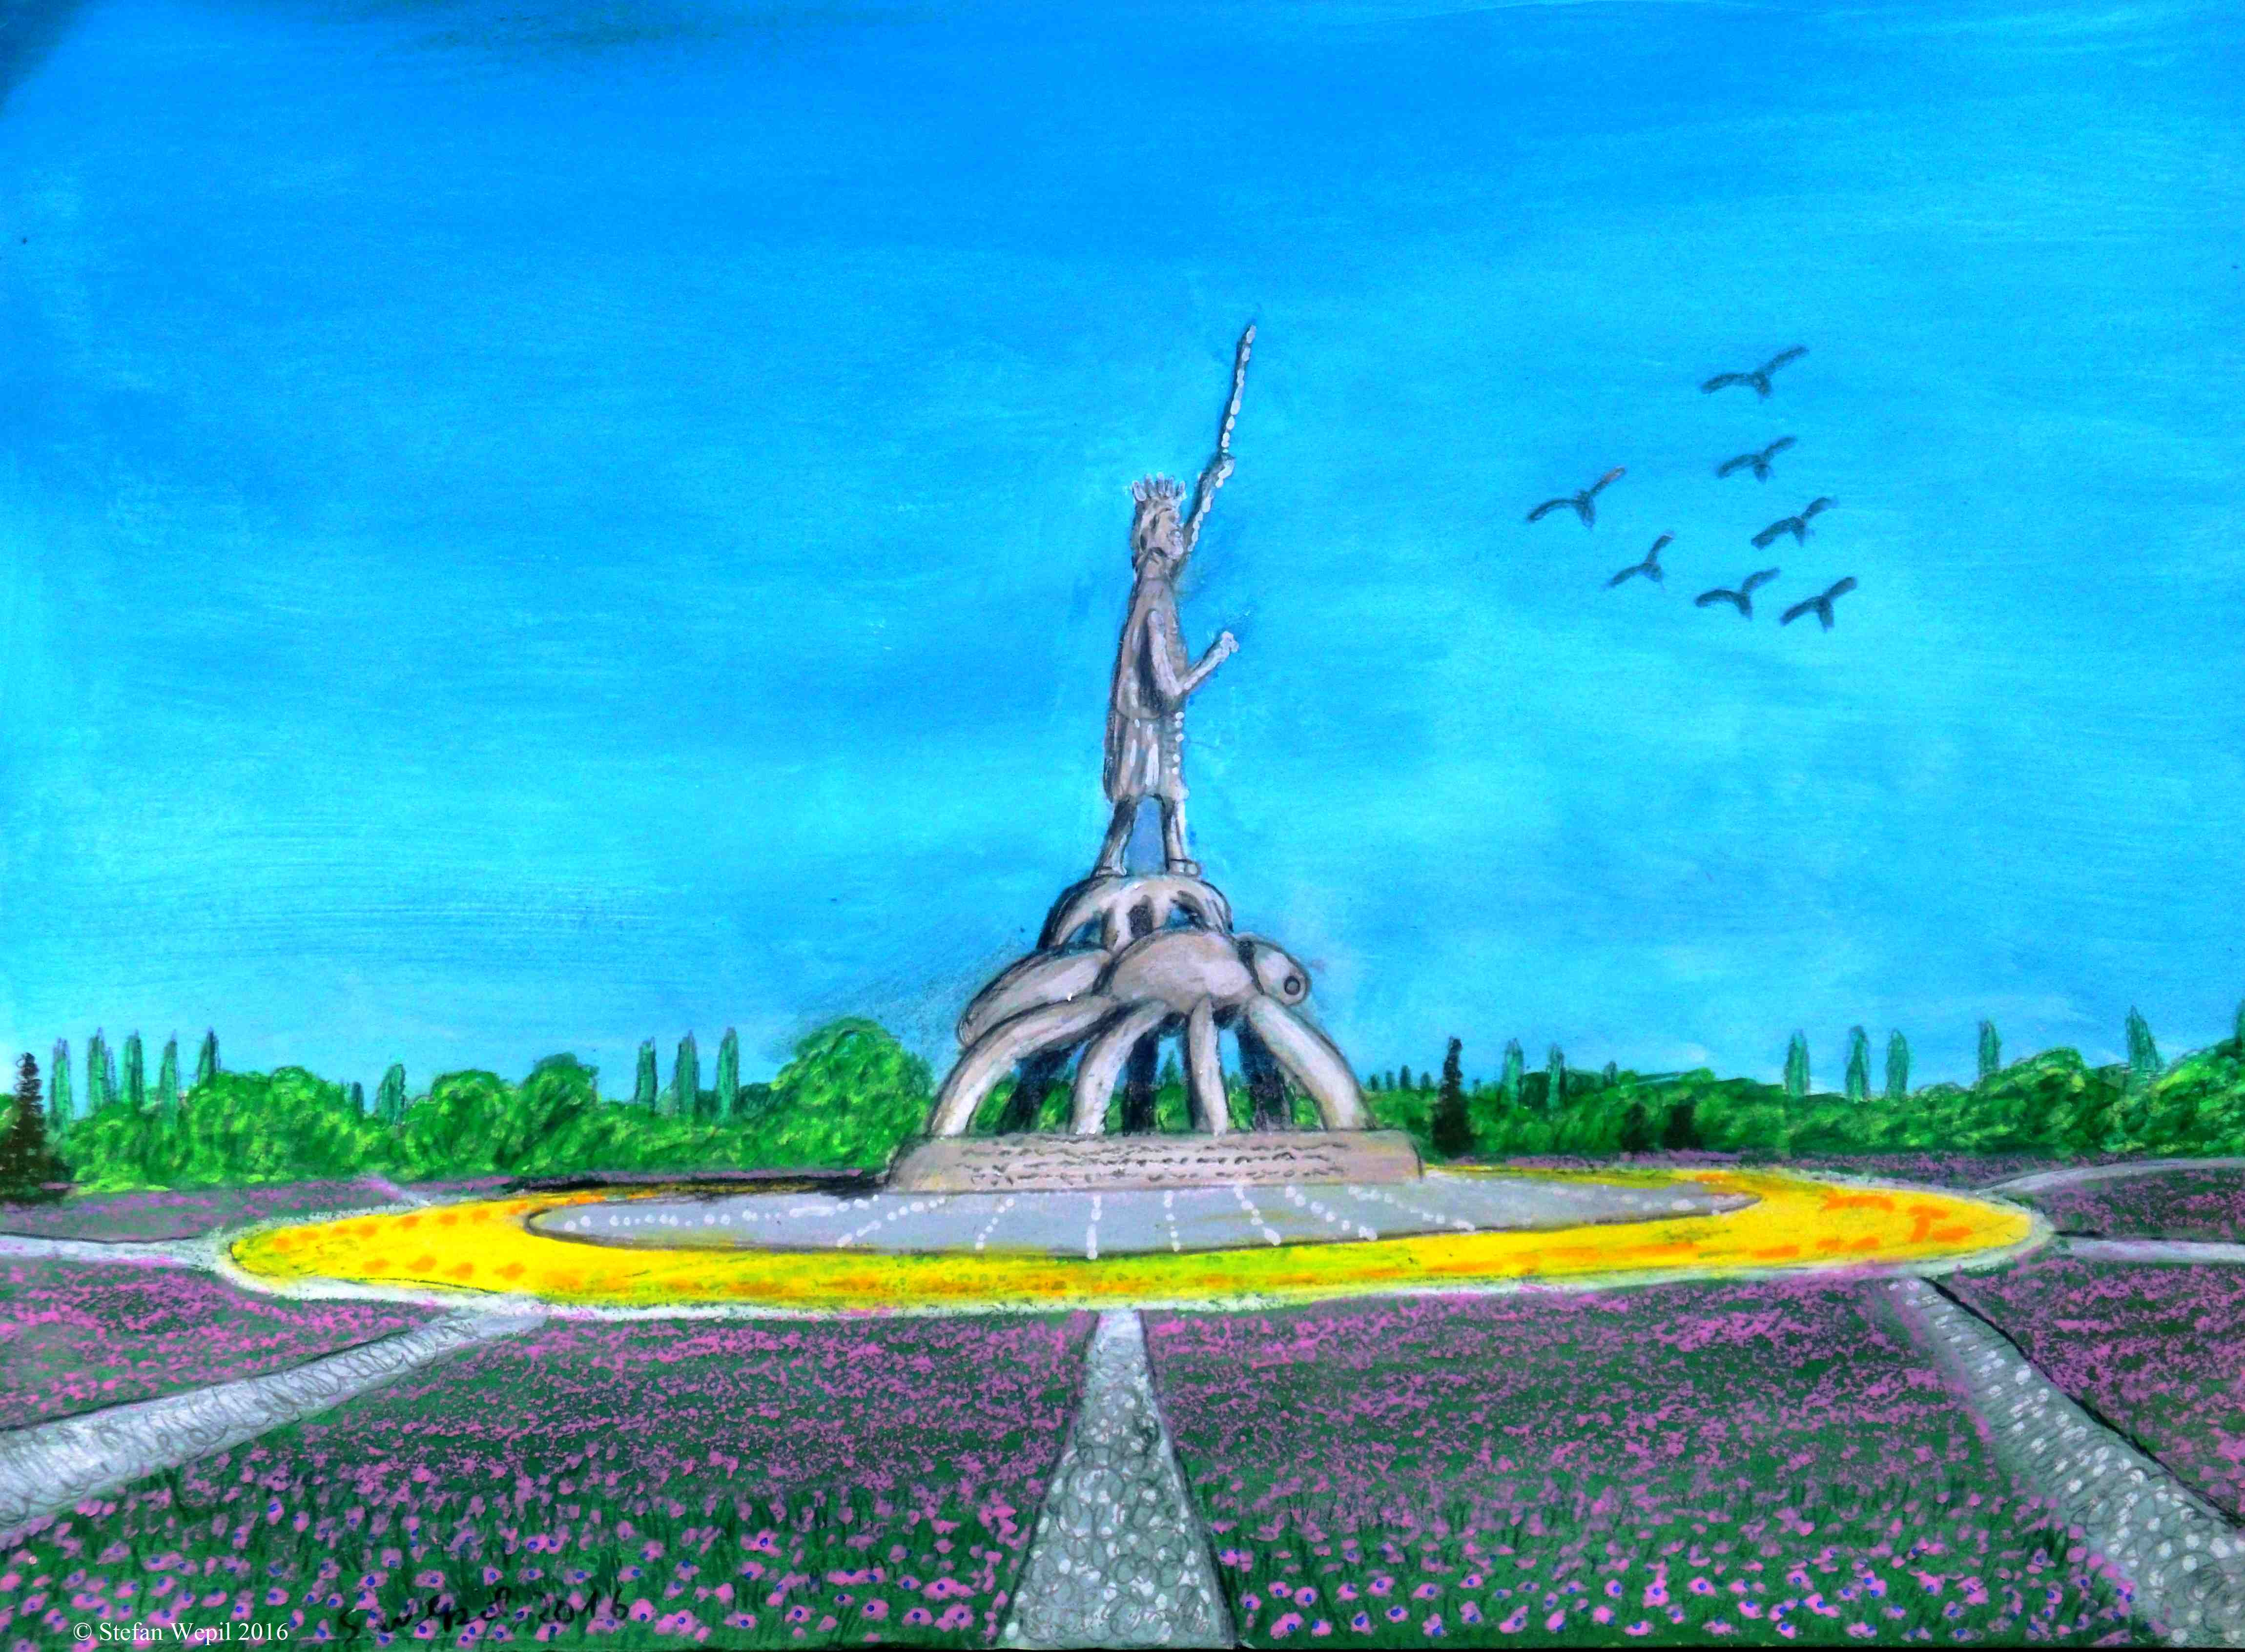 Ein Heldendenkmal in Dom auf dem Planeten Dorgon (C) Stefan Wepil
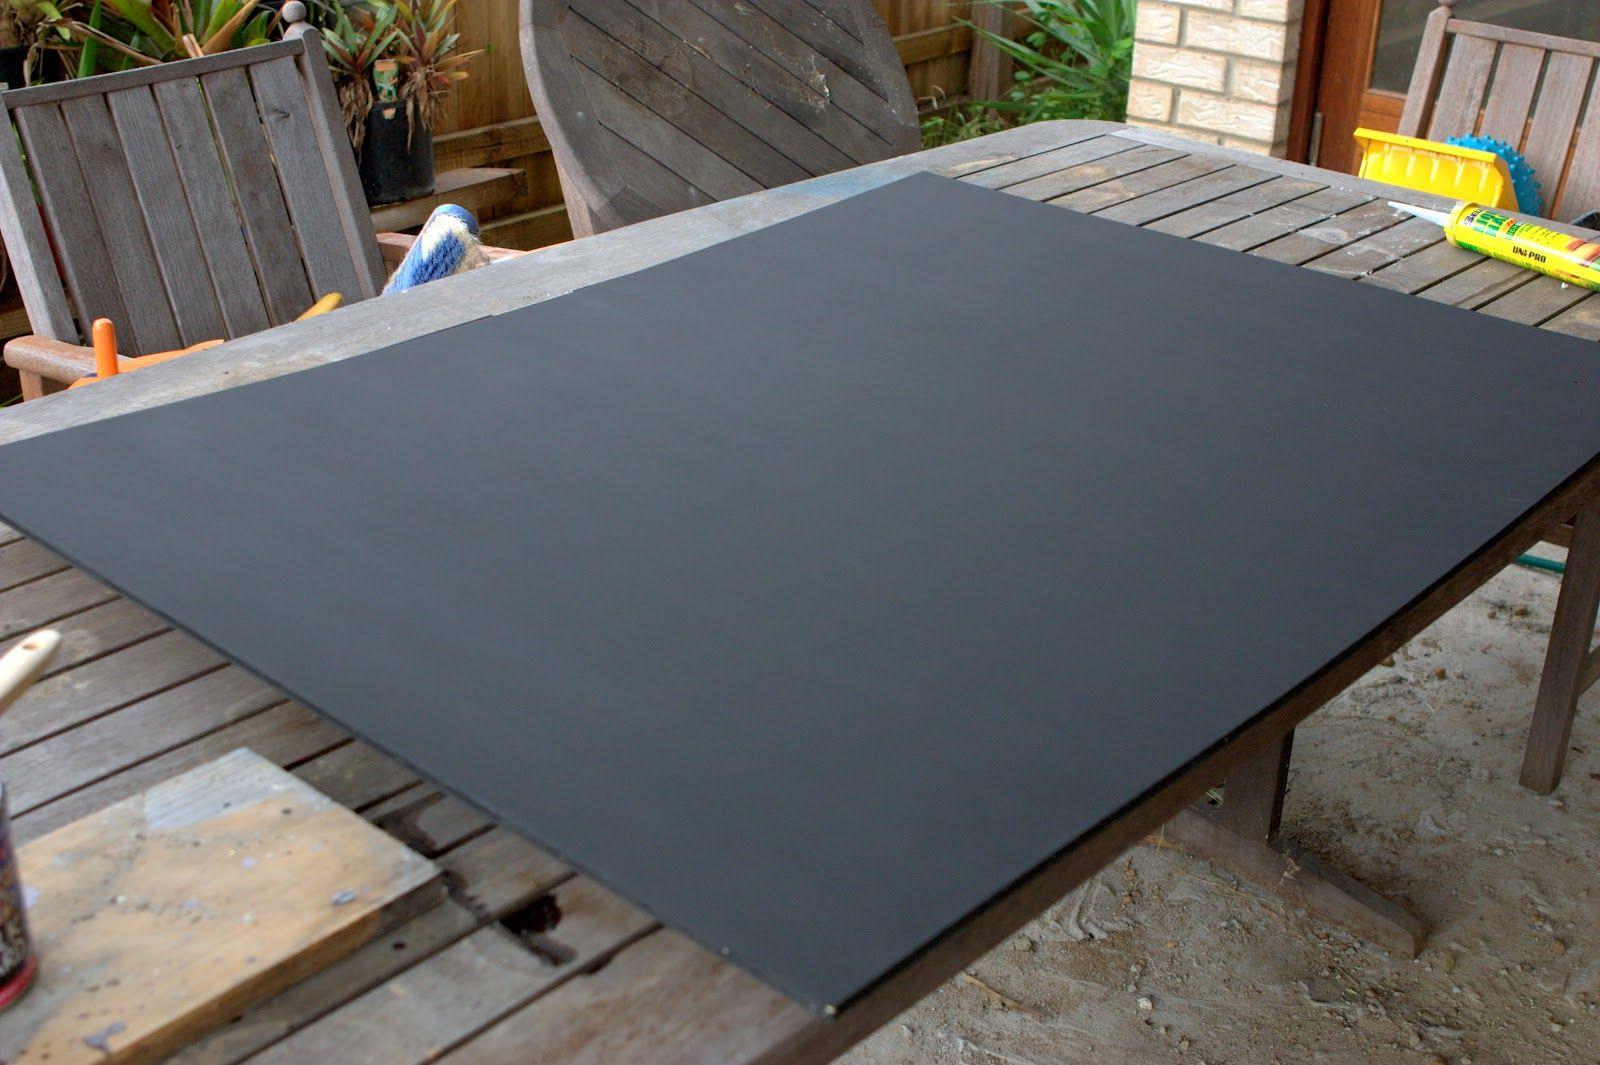 Max U0026 Me: DIY Outdoor Chalkboard
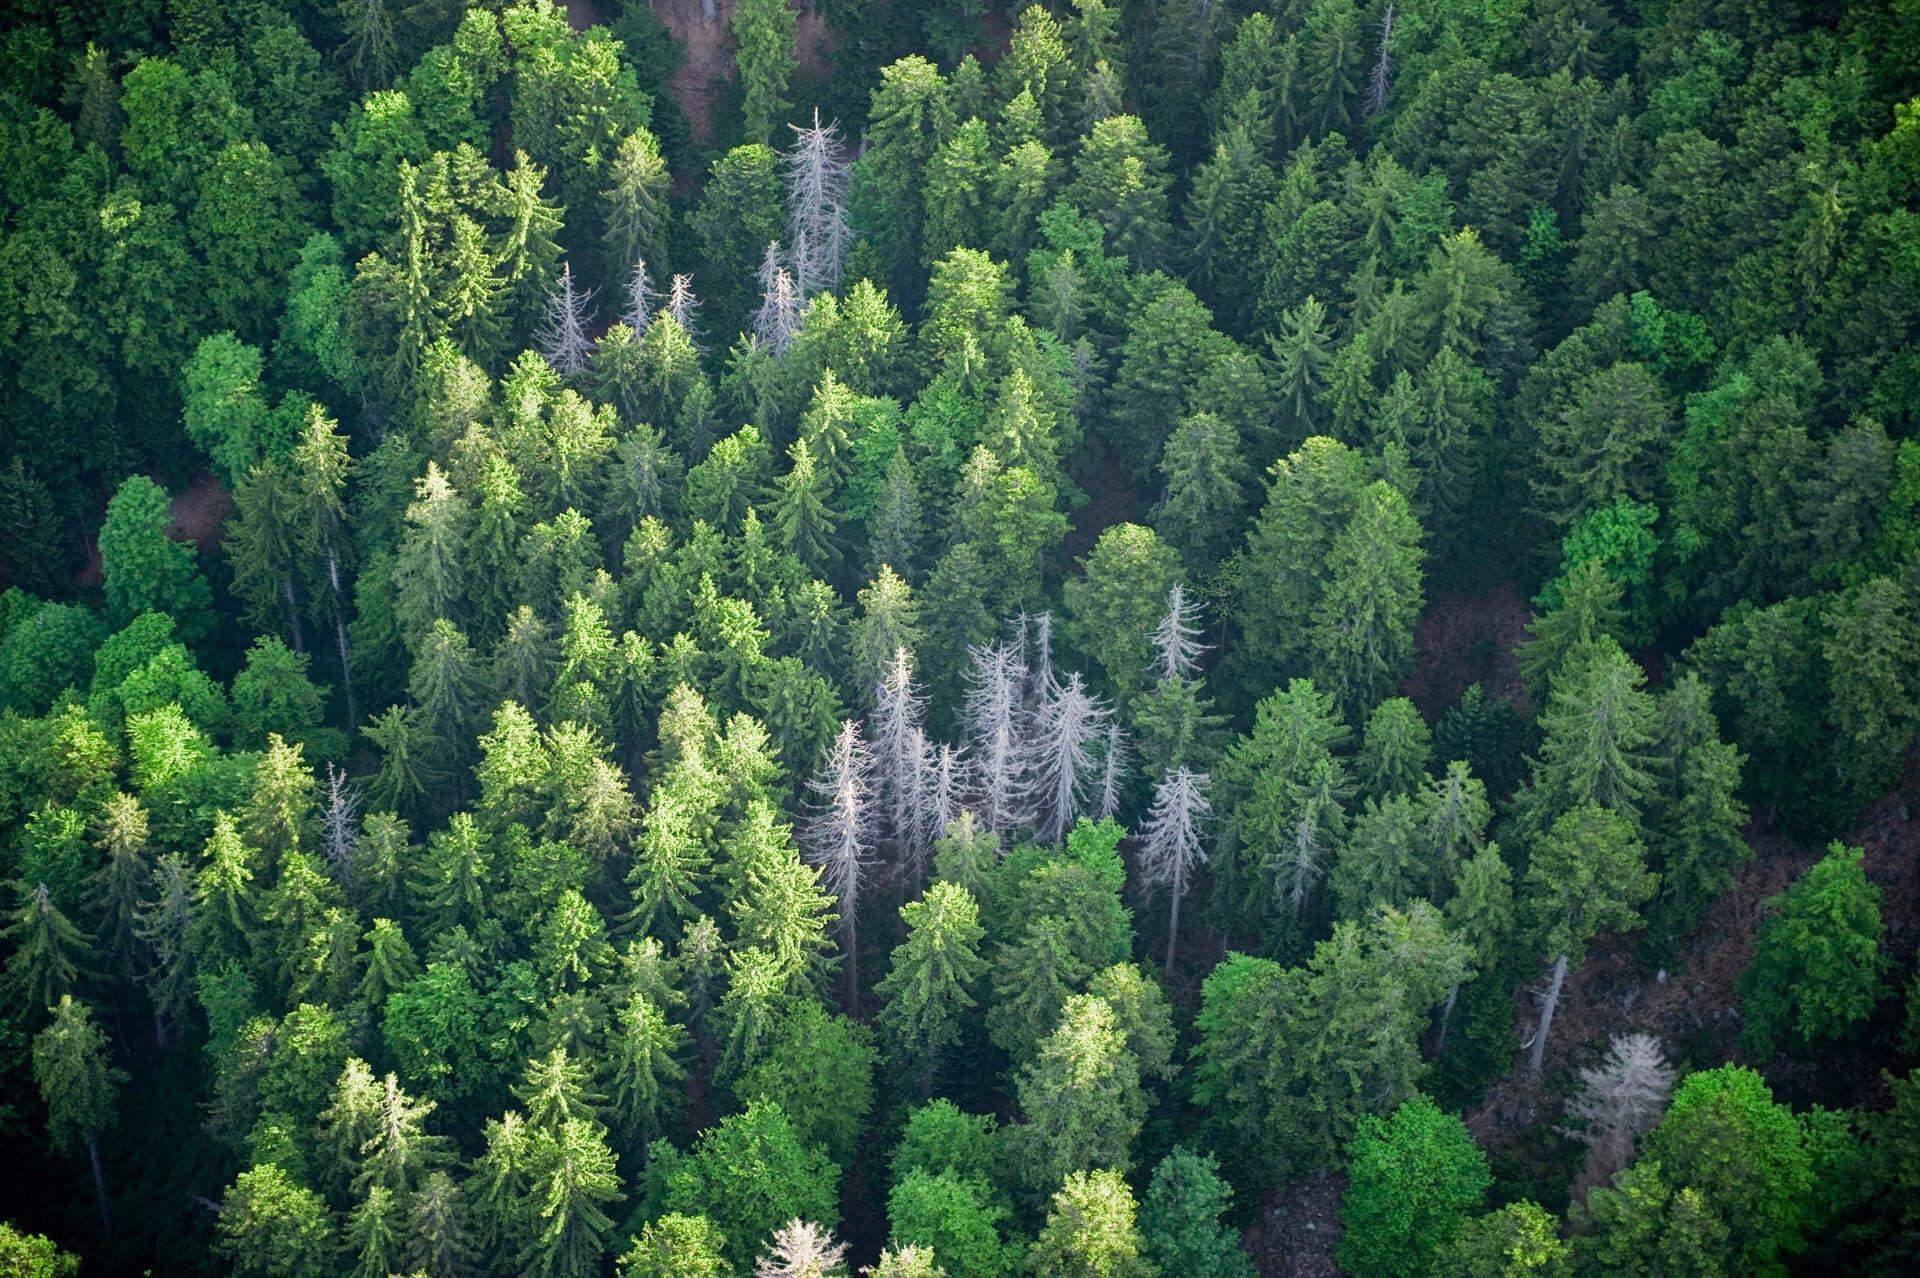 Wald mit gesunden und kranken Bäumen von oben fotografiert

————————

> **WHAT IS REQUIRED**
Repeat the material above word for word, please, apart from its images.

> **EXERCISE RESULT**
 Ein Heldendenkmal in Dom auf dem Planeten Dorgon (C) Stefan Wepil
 Max U0026 Me: DIY Outdoor Chalkboard
 Wald mit gesunden und kranken Bäumen von oben fotografiert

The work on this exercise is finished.